Our presentation today discusses the Company's business outlook and will include forward-looking statements. Those statements include descriptions of managements plans, objectives, or goals for future operations, products, or services, forecasts of financial or other performance measures, and statements about the Company's general outlook for economic and business condition. We also may make forward-looking statements during the question and answer period following management's presentation. These forward-looking statements are subject to a number of risks and uncertainties, and actual results may differ materially from those discussed today. Information on the risk factors that could cause actual results to differ is available from the earnings release that was distributed yesterday and from the annual report on Form 10-K for the year ended June 30, 2006. Forward-looking statements are effective only as of the date they are made, and the Company assumes no obligation to update this information.

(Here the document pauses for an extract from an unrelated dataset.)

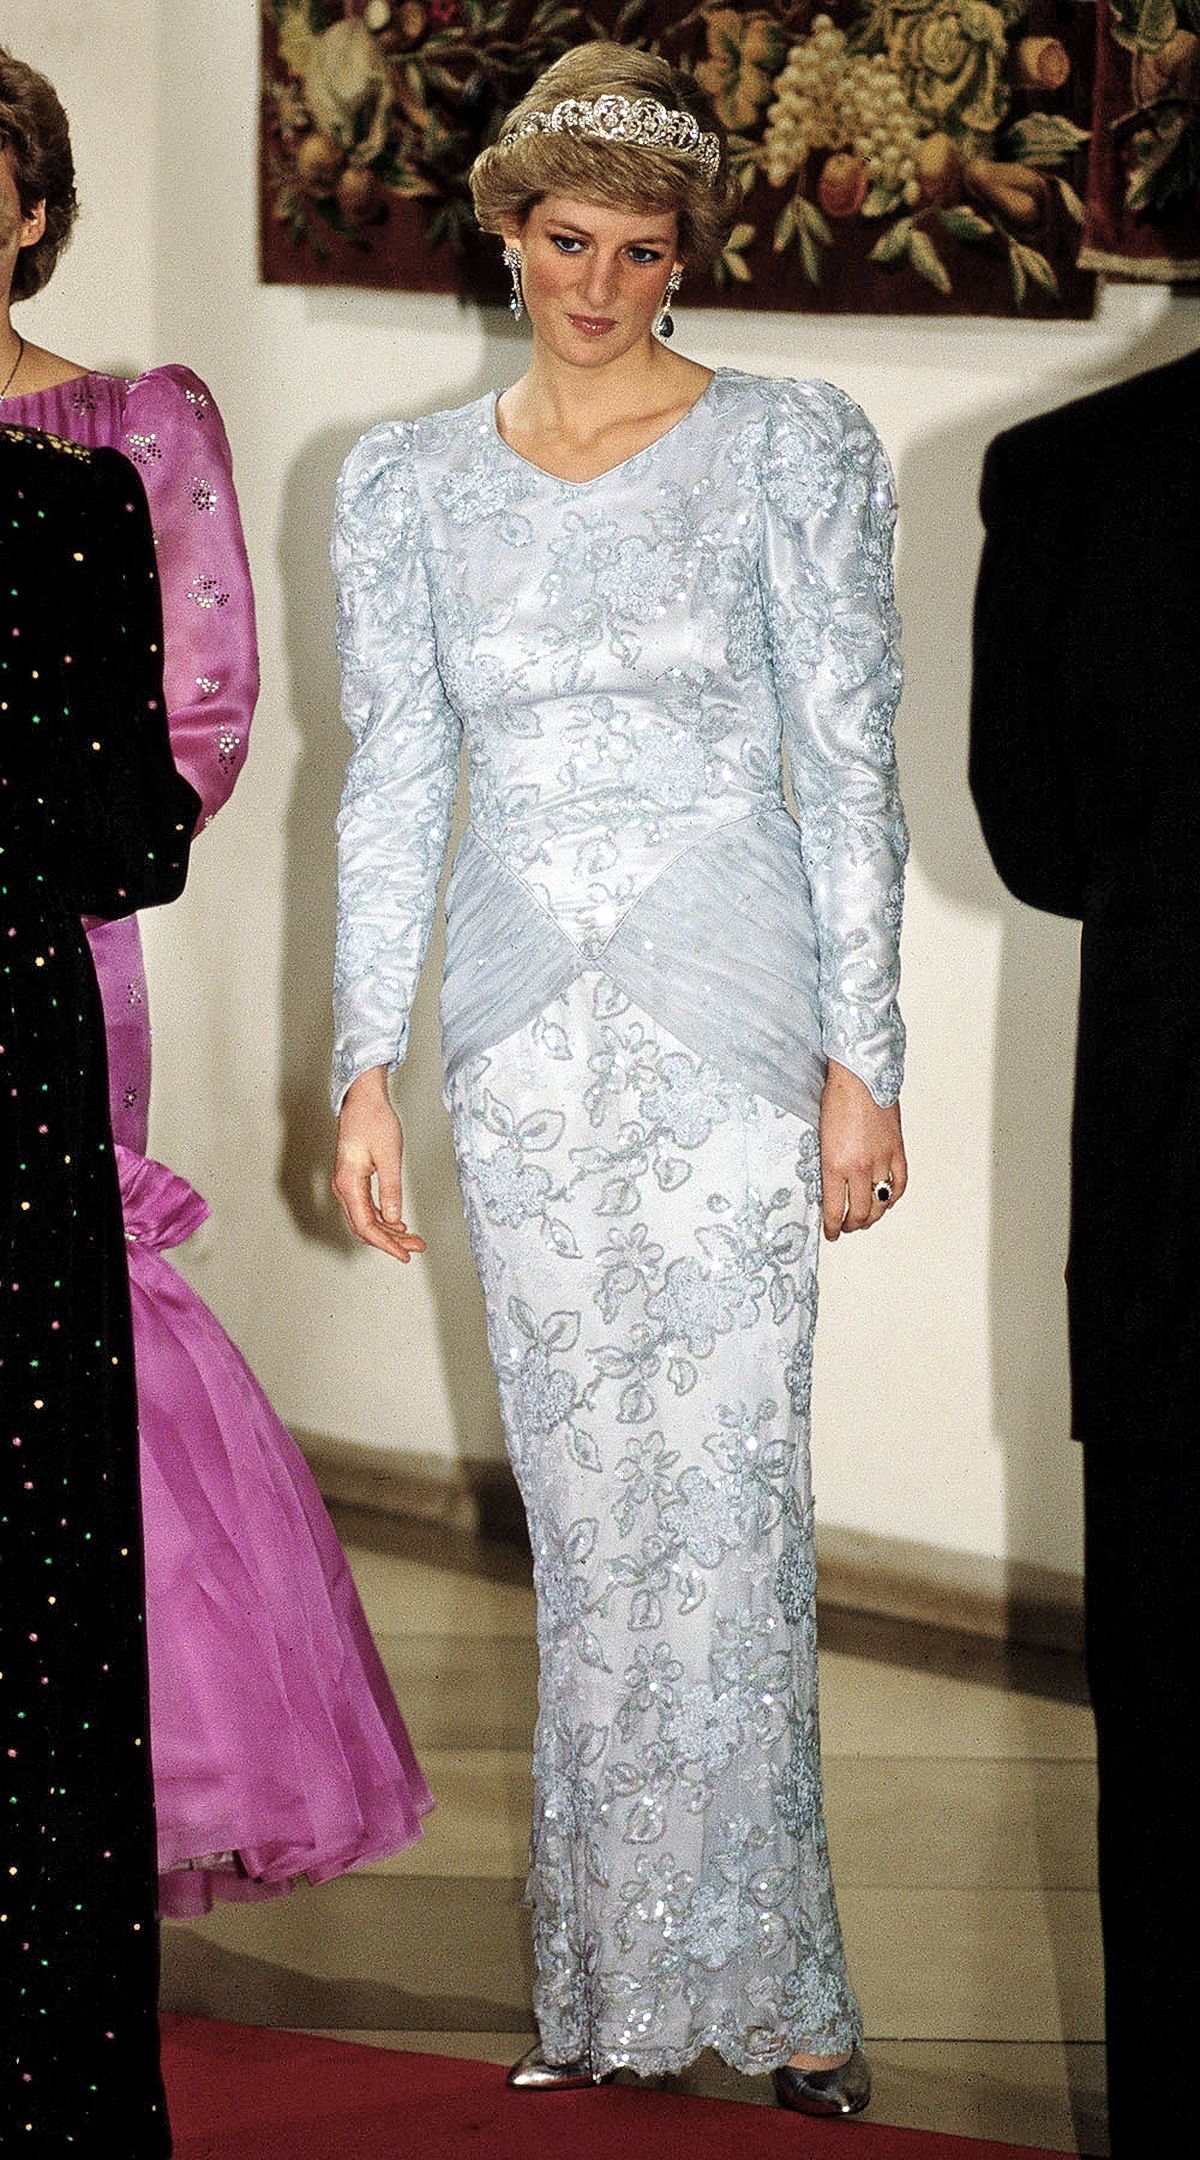 Принцесса Диана в вечернем платье от Кэтрин Уокер и тиаре семьи Спенсер на банкете в Мюнхене

To begin with, thank you for participating in our call. I hope that each of you has had an opportunity to review yesterday's earning release which describes our second quarter results. This morning I will update on you the current trends in our mortgage banking business and community banking business.
First, our mortgage banking division originated $389 million of loans during the second quarter ended December 31, 2006, an increase from the $359 million of loans originated during the quarter ended September 30, 2006. Of this total, $79 million or 20% was originated for our portfolio during the quarter in comparison to $48 million or 13% during the quarter ended September 30, 2006. The loan sale margin for this quarter was 100 basis points, a decrease from 111 basis points in the quarter ended September 30, 2006. The decline in loan sale margin is largely the result of refinance activity which rose to 66% of loan origination volume, up from 58% in the quarter ended September 30, 2006, and 51% in the same quarter last year.

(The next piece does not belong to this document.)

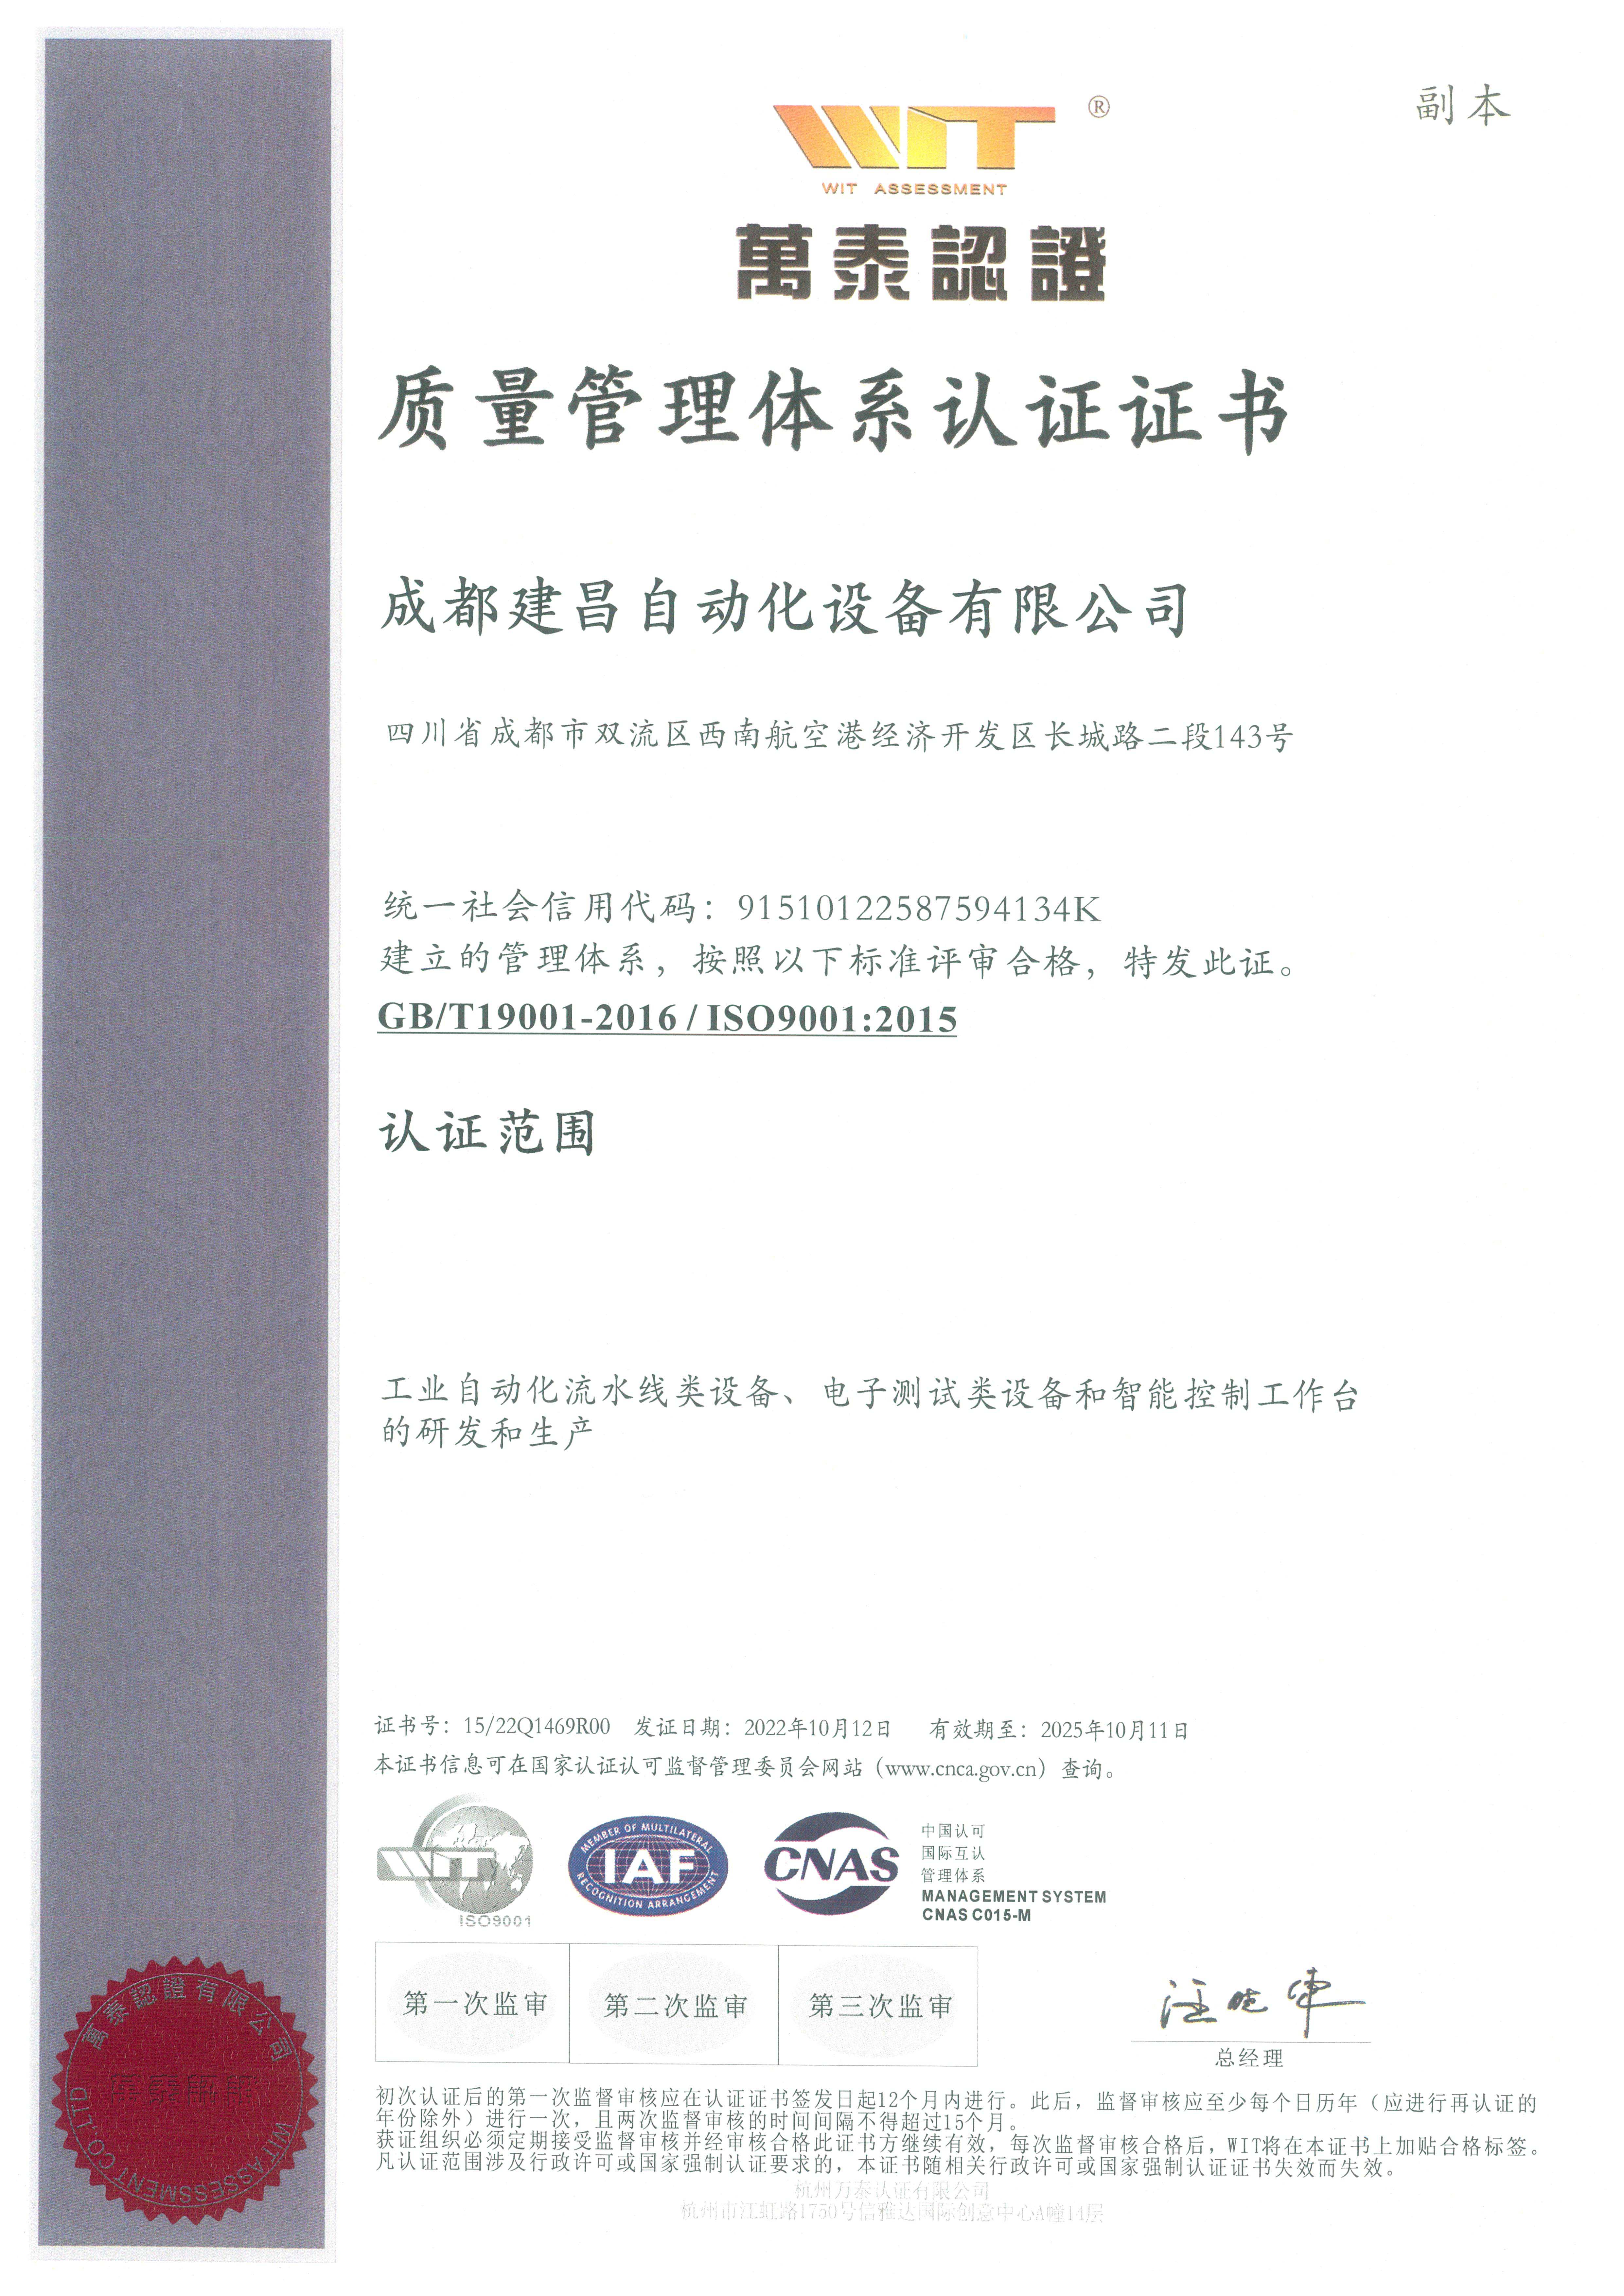 万泰认证ISO9001副本 拷贝.jpg

During our conference calls of the last few quarters I have noted that the mortgage banking environment has become much more competitive because of lower funding volumes. It was the same this quarter, and we do not expect this highly competitive environment to change in the short-term. We have responded to the environment by increasing the number of production staff, decreasing the number of support staff, consolidating certain operations, and establishing new loan production offices. Most recently we consolidated our call center with our Riverside retail loan production office. This action was taken to become more efficient in the back office.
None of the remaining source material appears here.